Ce qui rend Filsan particulièrement saisissante, c’est que Seymour refuse de la cantonner au rôle de mère éplorée. Elle lui prête une complexité psychologique réelle : des silences qui intriguent les enquêteurs, des réactions que ni Pelletier ni Duquette ne savent d’abord comment lire, une crispation intérieure que la psychologue Pénélope Roy perçoit sans pouvoir encore la nommer. Derrière la détresse visible d’une femme dont l’enfant a disparu se cache quelque chose de plus ancien, une peur qui précède la disparition de Faduna, une blessure enfouie dans un passé que l’immigration n’a pas suffi à effacer.
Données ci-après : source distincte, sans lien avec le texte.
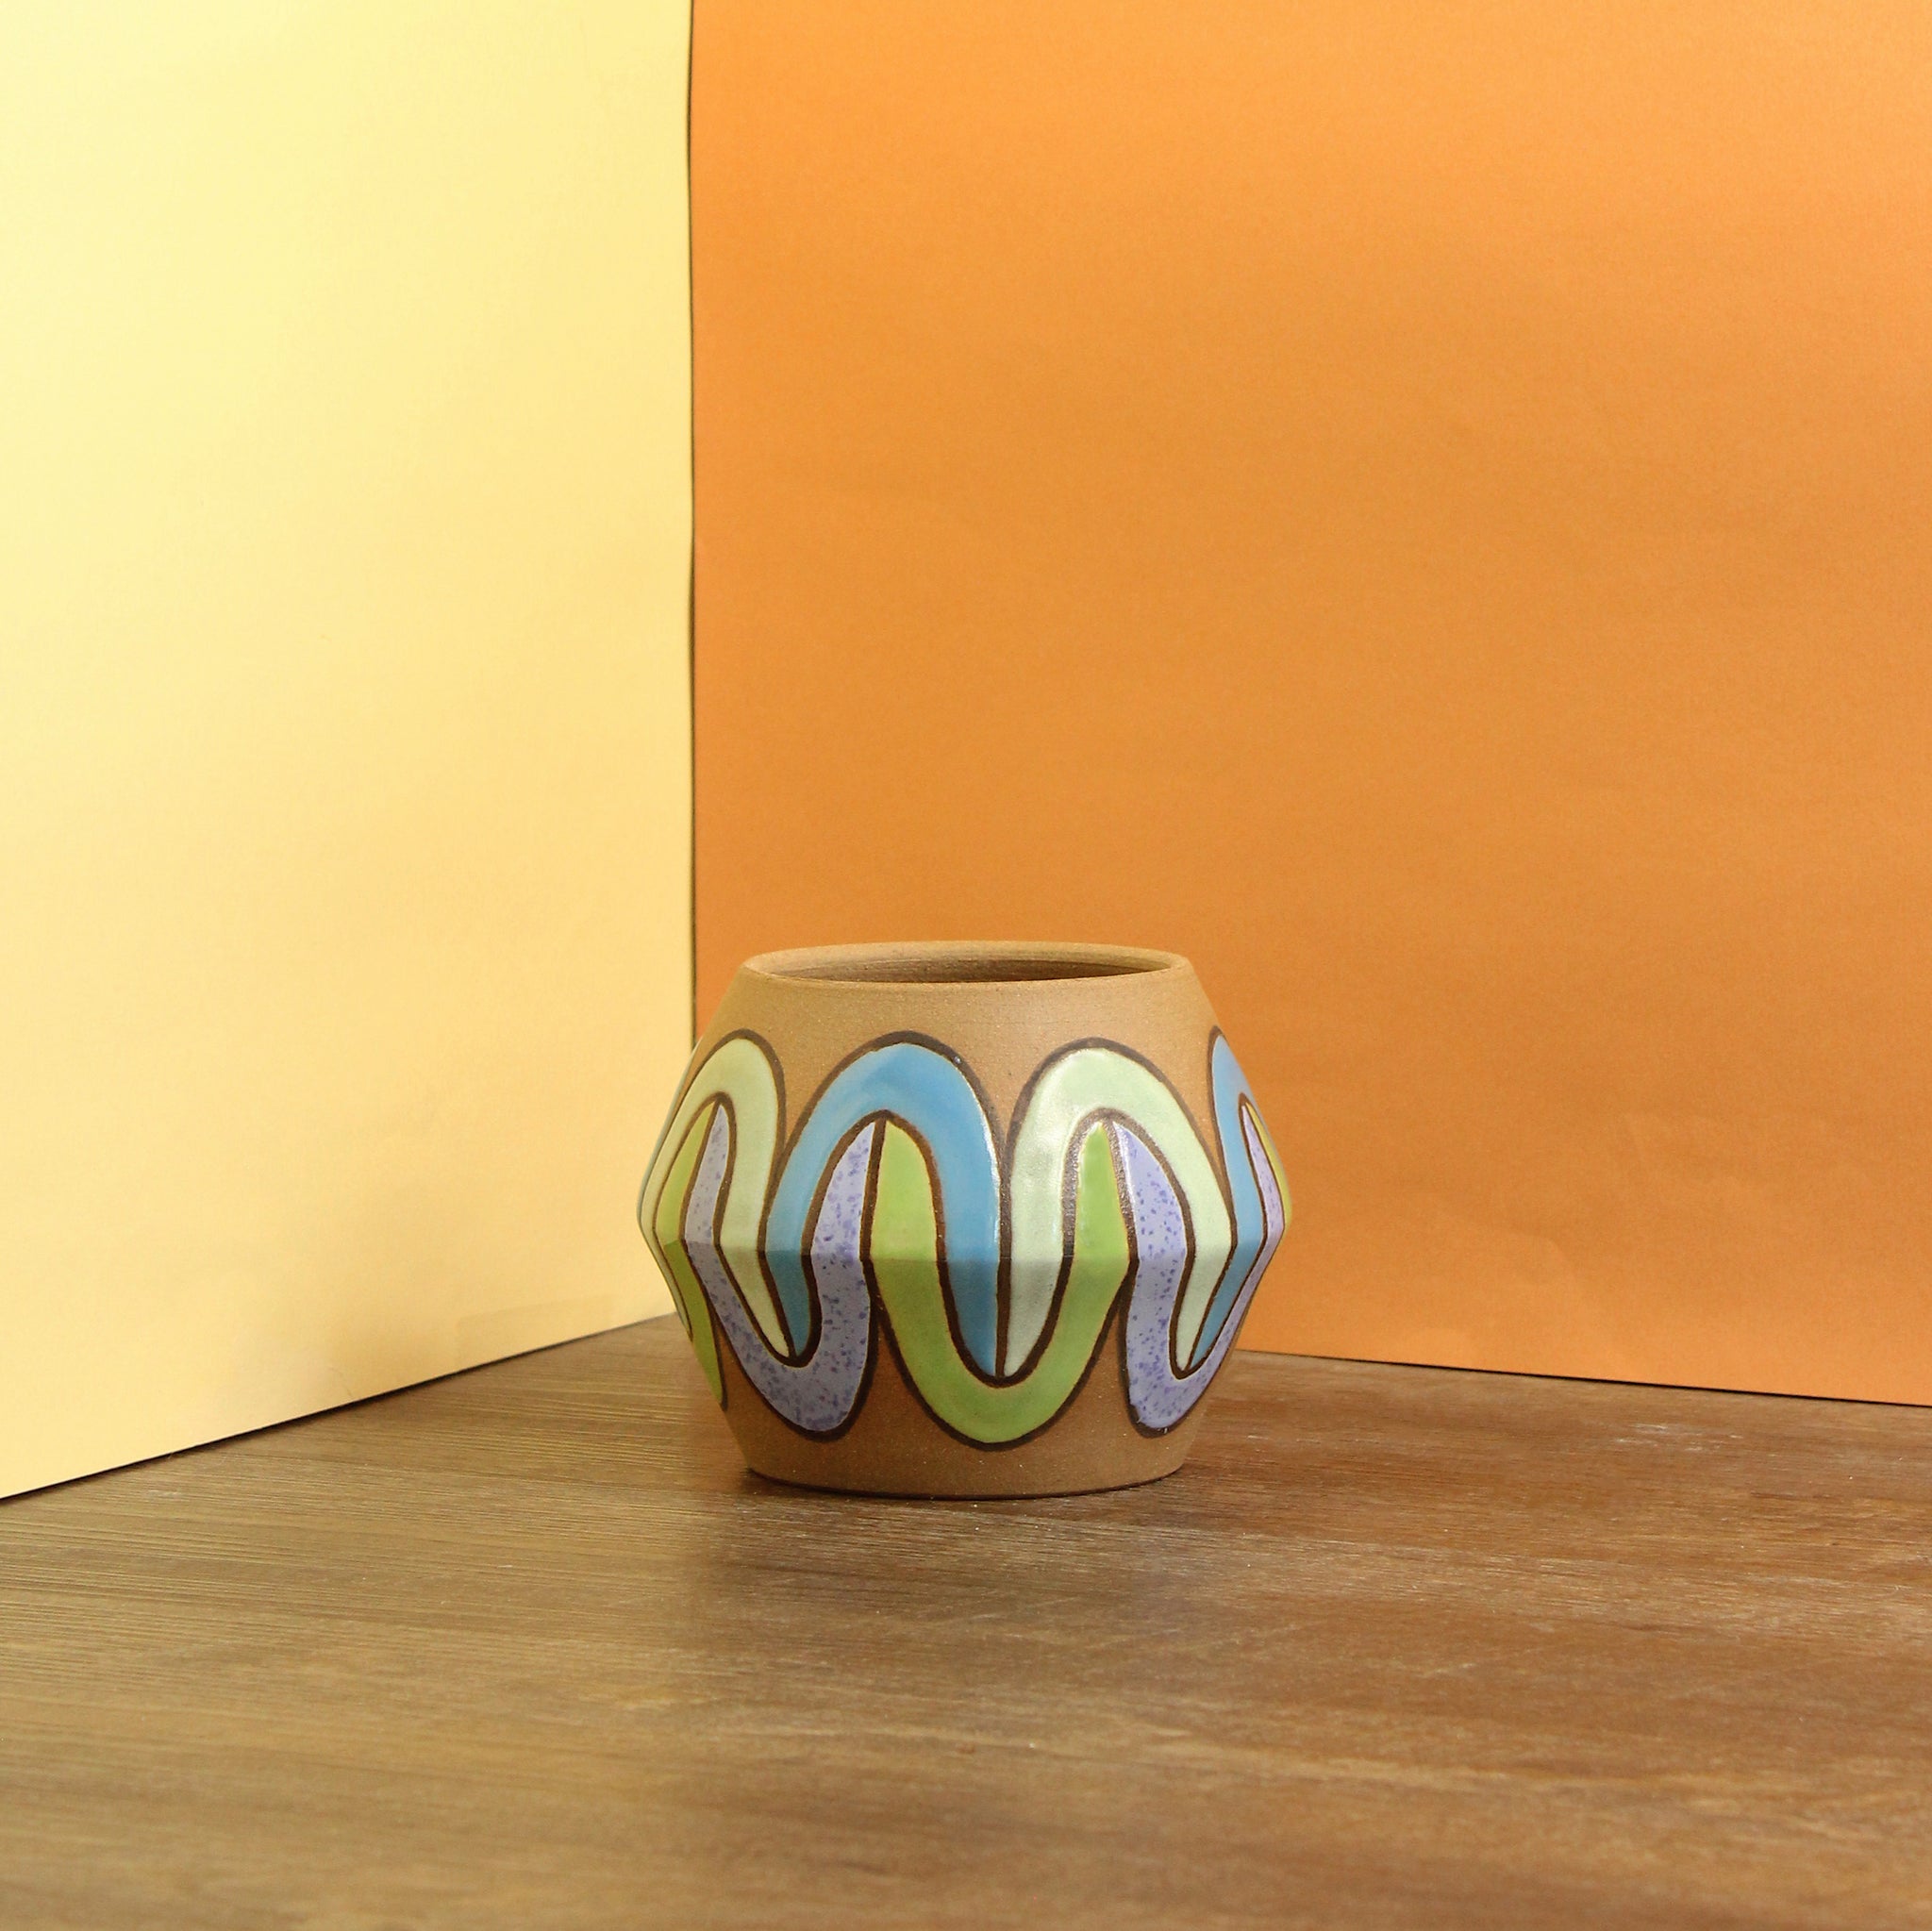 Glazed Stoneware Pot with Overlapping Horseshoe Pattern

L’auteure tisse ce sous-texte avec une patience remarquable, laissant le lecteur sentir qu’il manque une clé sans jamais lui forcer la main.
Le roman aborde à travers Filsan des territoires thématiques particulièrement délicats, ceux qui touchent au corps des femmes, aux traditions qui traversent les frontières et aux silences que les familles gardent pour survivre. Seymour s’y aventure avec une gravité mesurée, sans didactisme ni posture militante affichée. Elle laisse les faits parler, les personnages ressentir, et confie au lecteur la liberté de tirer ses propres conclusions. Filsan n’est ni symbole ni porte-parole : elle est une femme réelle dans une situation impossible, et c’est précisément cette humanité pleine et entière qui fait d’elle l’un des personnages les plus marquants du roman.
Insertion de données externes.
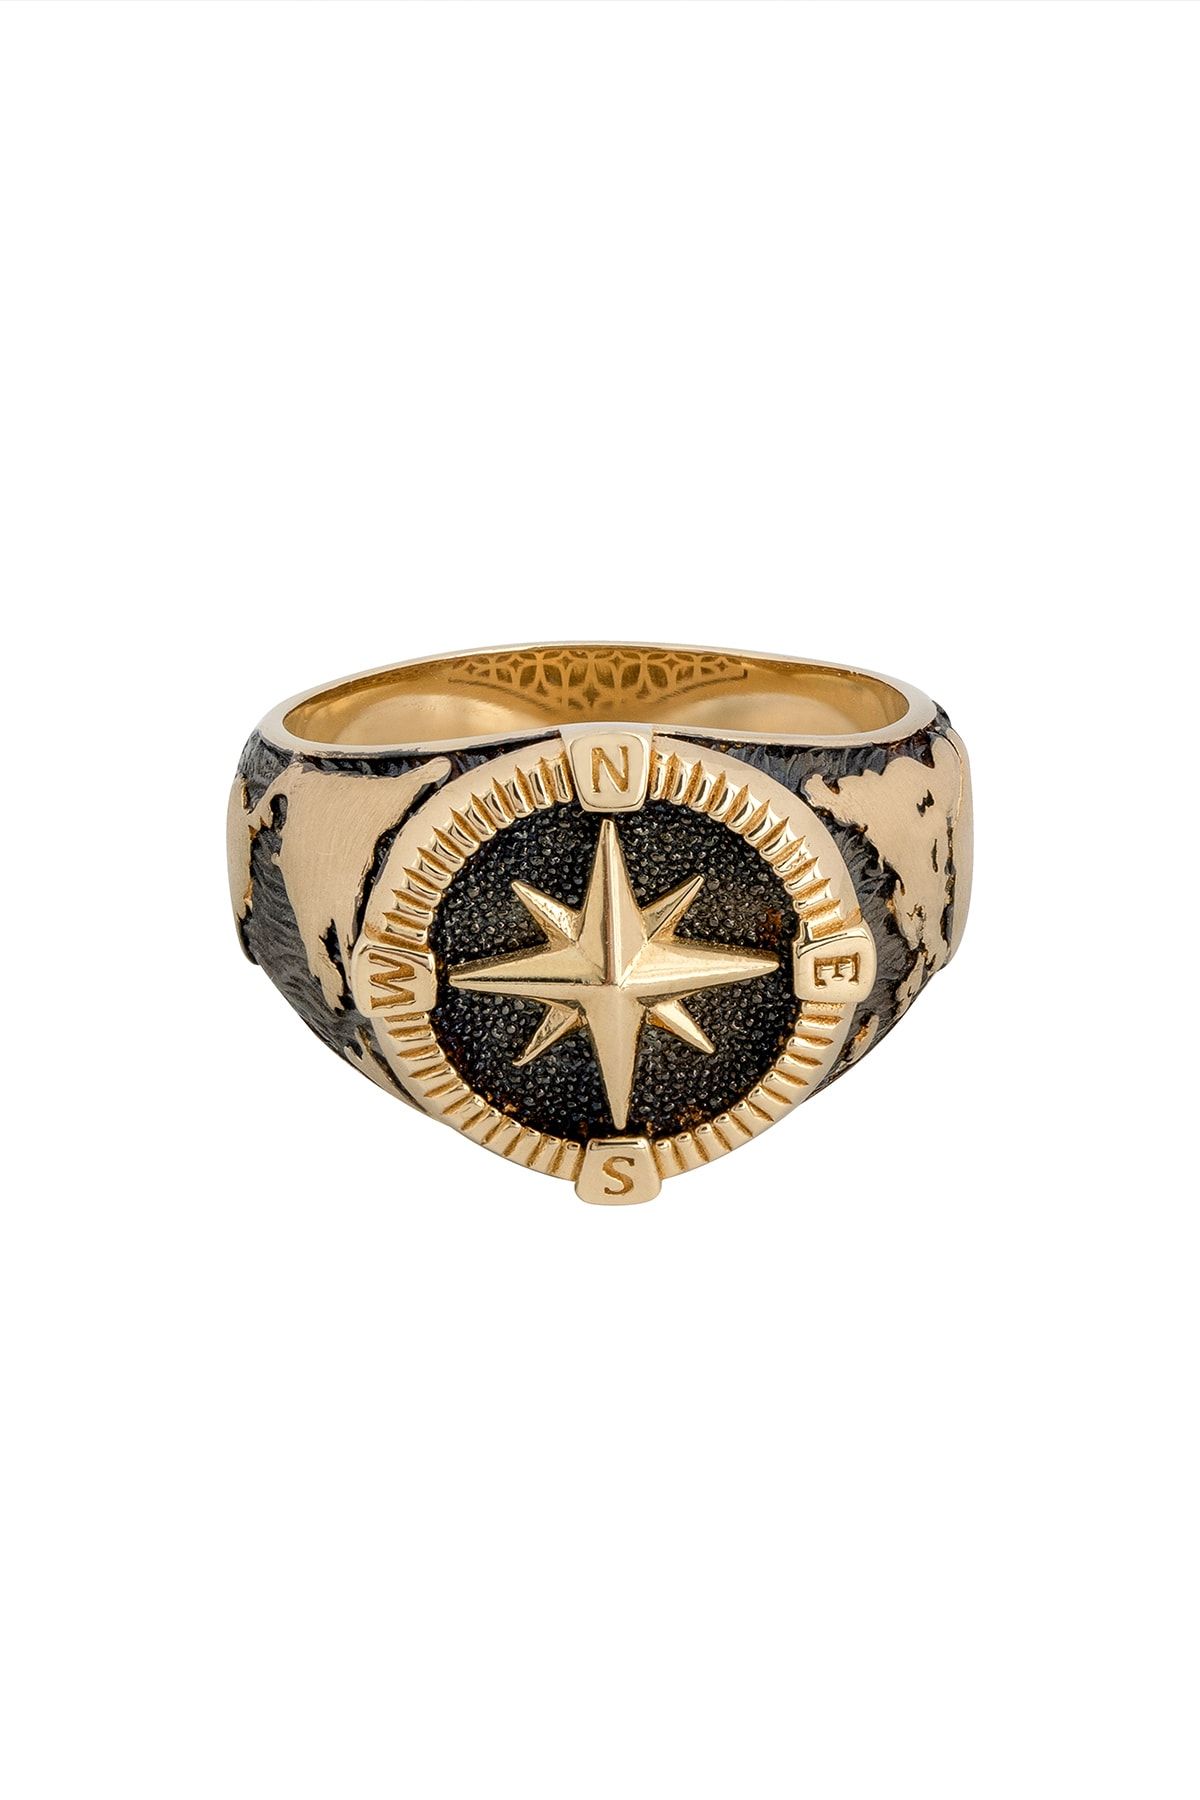 Uşaklıhafız 1945 14 Ayar Altın Kabartmalı Tasarım Denizci Pusulası Erkek Yüzüğü

L’enquête s’élargit : Janelle Joseph
Alors que l’escouade Cerbère consacre toute son énergie à retrouver Faduna, un second dossier vient percuter le récit avec la brutalité d’un corps découvert sous la neige. Johanne Seymour introduit Janelle Joseph comme une figure déjà connue des enquêteurs, une femme liée aux affaires précédentes de l’escouade, qui venait tout juste de publier un roman d’autofiction issu d’un manuscrit ayant jadis coûté la vie à d’autres. Sa disparition, puis la découverte de ce qu’il lui est arrivé, propulse le roman dans une nouvelle dimension, celle d’un passé qui refuse de rester enfoui et qui remonte à la surface avec une violence sourde. Ce glissement narratif est l’une des grandes habiletés de construction du livre : Seymour élargit son terrain sans jamais diluer la tension principale.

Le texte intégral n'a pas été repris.